**Exercise directions**: Would you repeat word for word the lines of the listing that follows, from the one with "Architekten Frankfurt gallery" up to and including the one with "Magic French Lady", and leave out the images?

**Materials provided**:
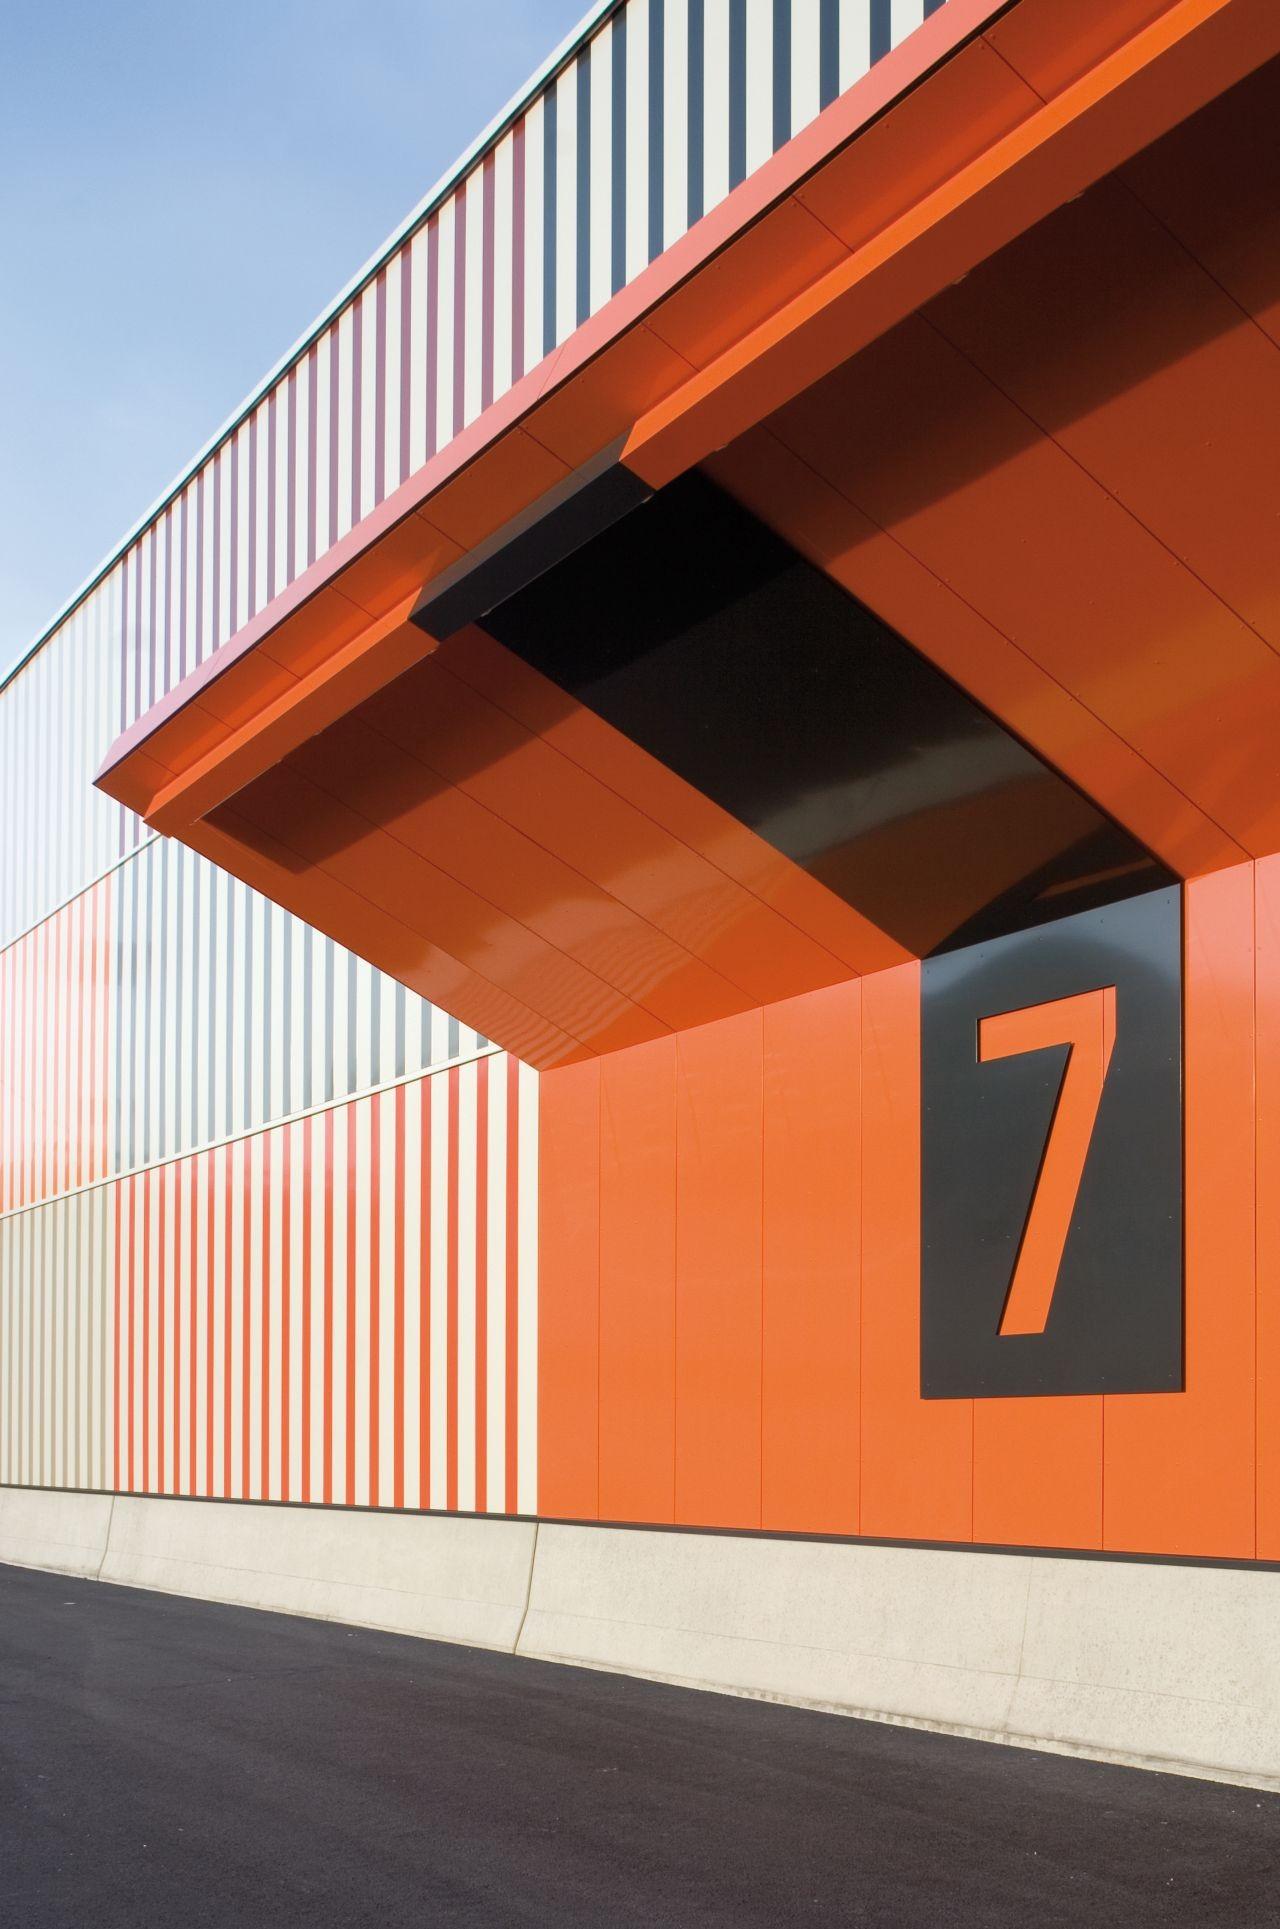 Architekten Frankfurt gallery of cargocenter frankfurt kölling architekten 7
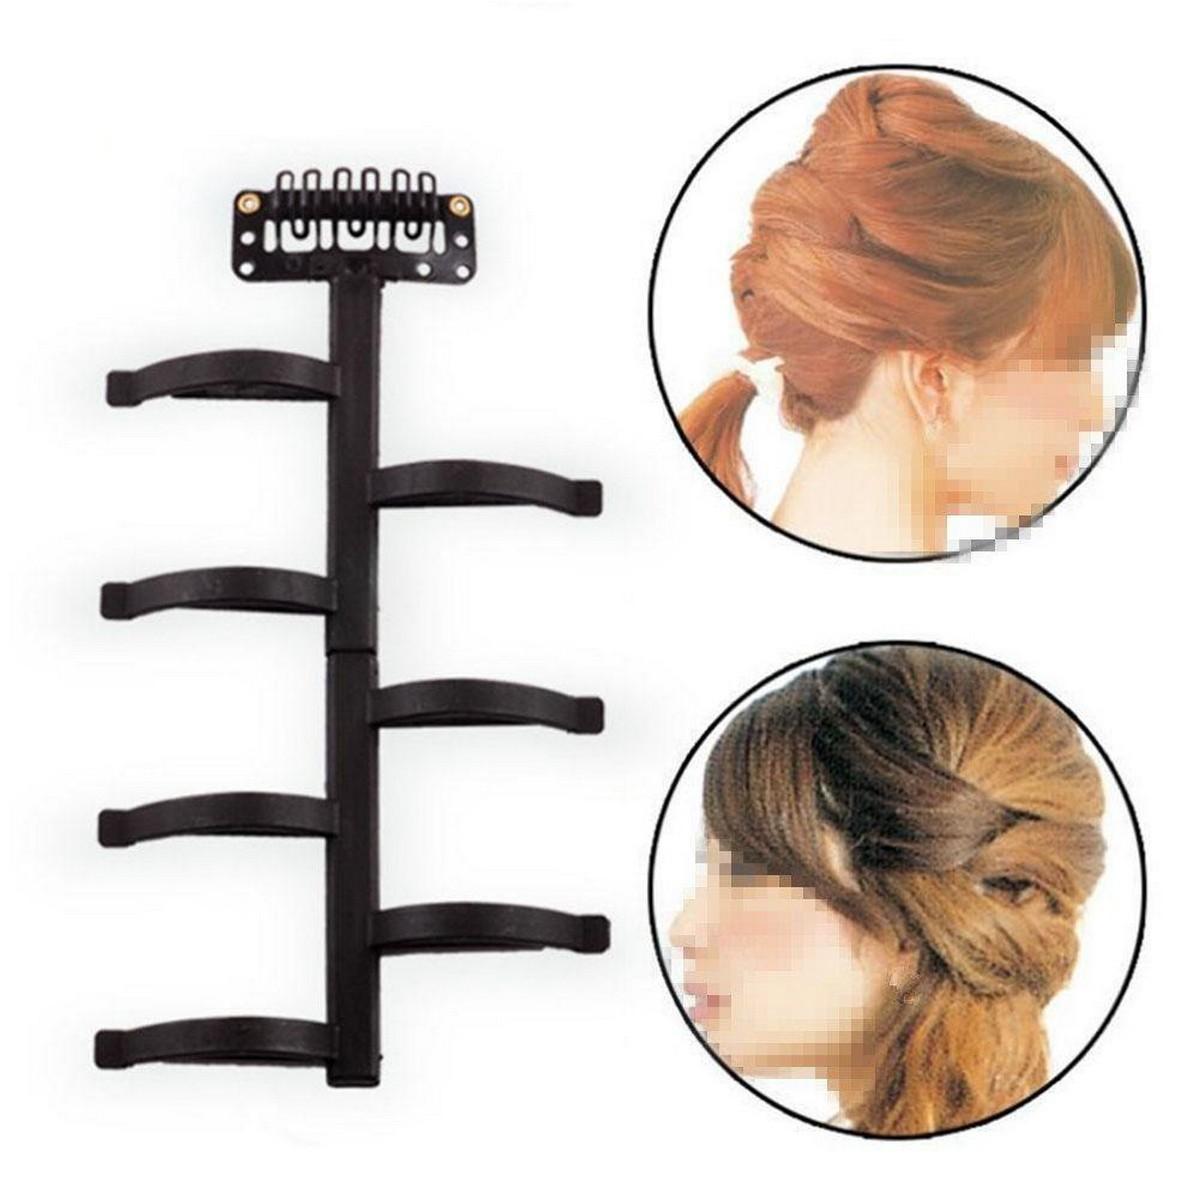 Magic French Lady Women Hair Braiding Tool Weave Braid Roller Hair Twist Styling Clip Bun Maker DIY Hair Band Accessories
* * *
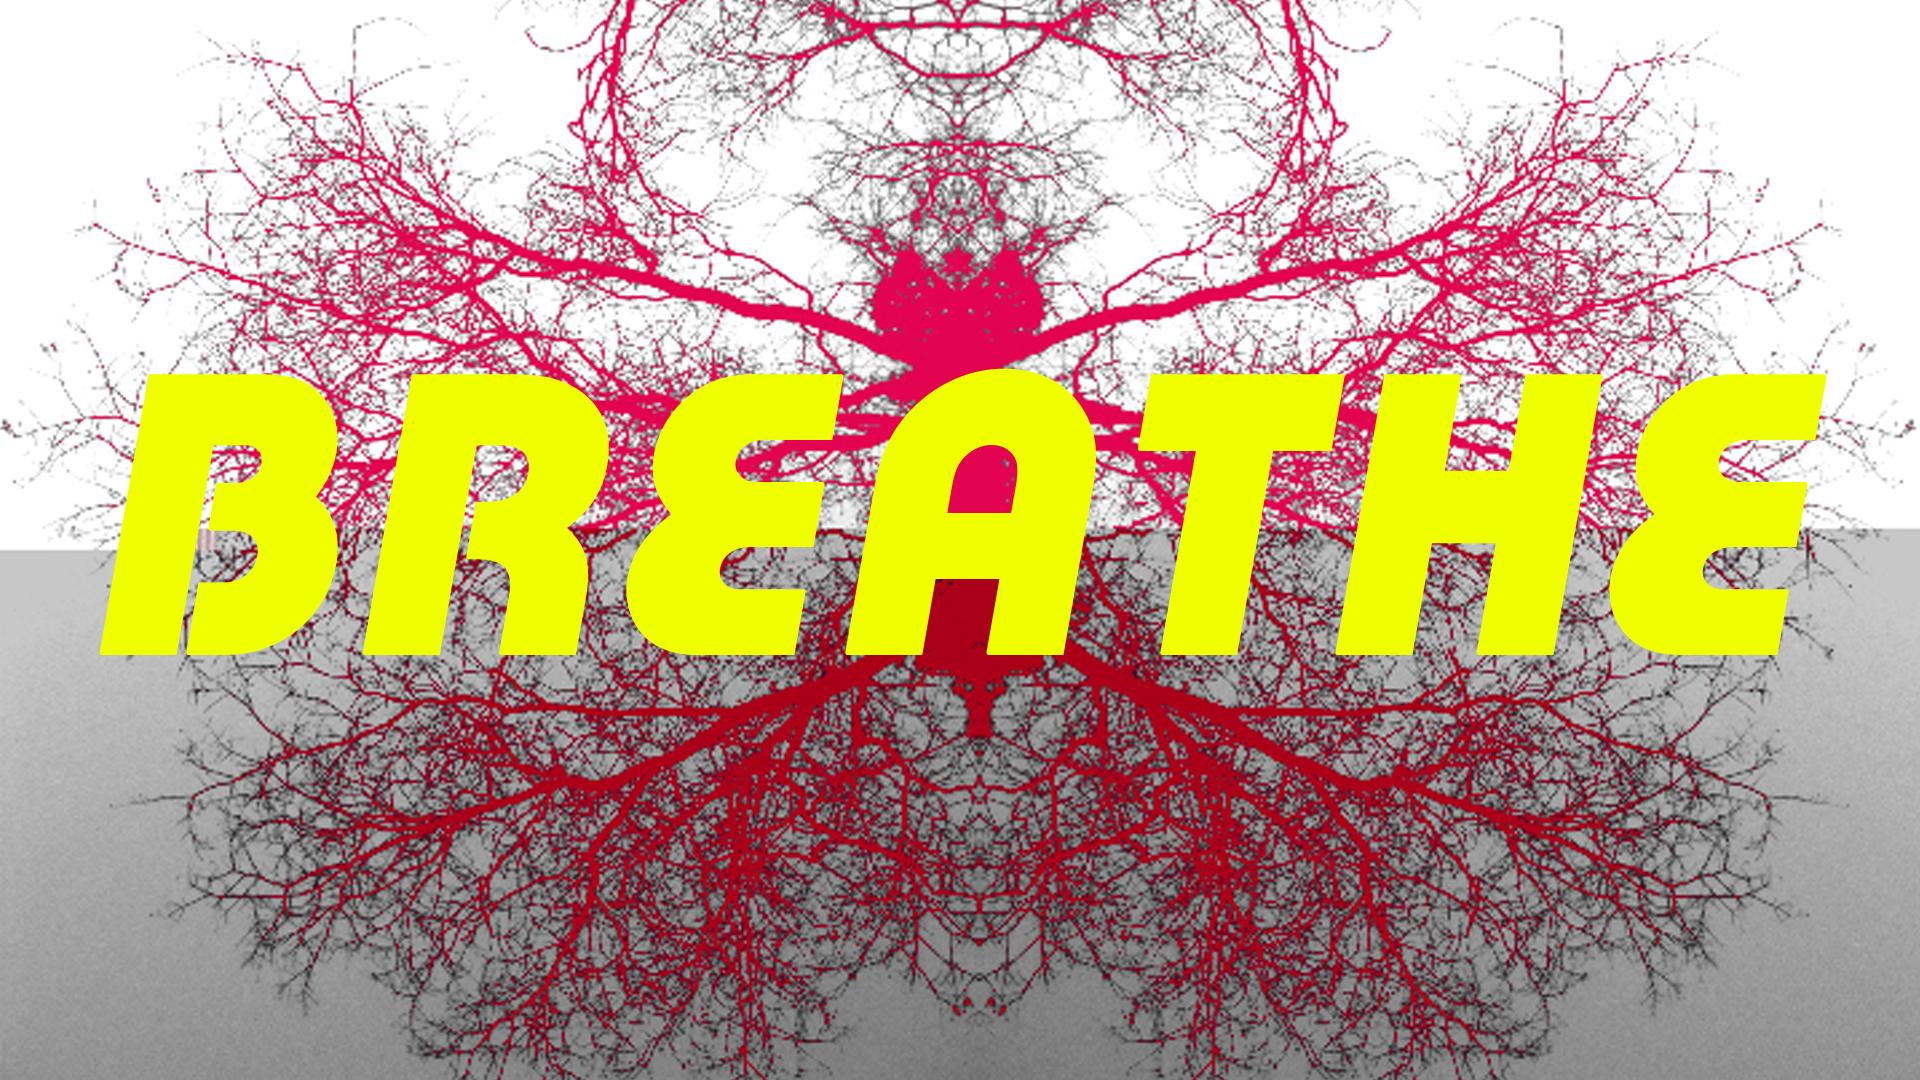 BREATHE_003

**Task answer**:
 Architekten Frankfurt gallery of cargocenter frankfurt kölling architekten 7
 Magic French Lady Women Hair Braiding Tool Weave Braid Roller Hair Twist Styling Clip Bun Maker DIY Hair Band Accessories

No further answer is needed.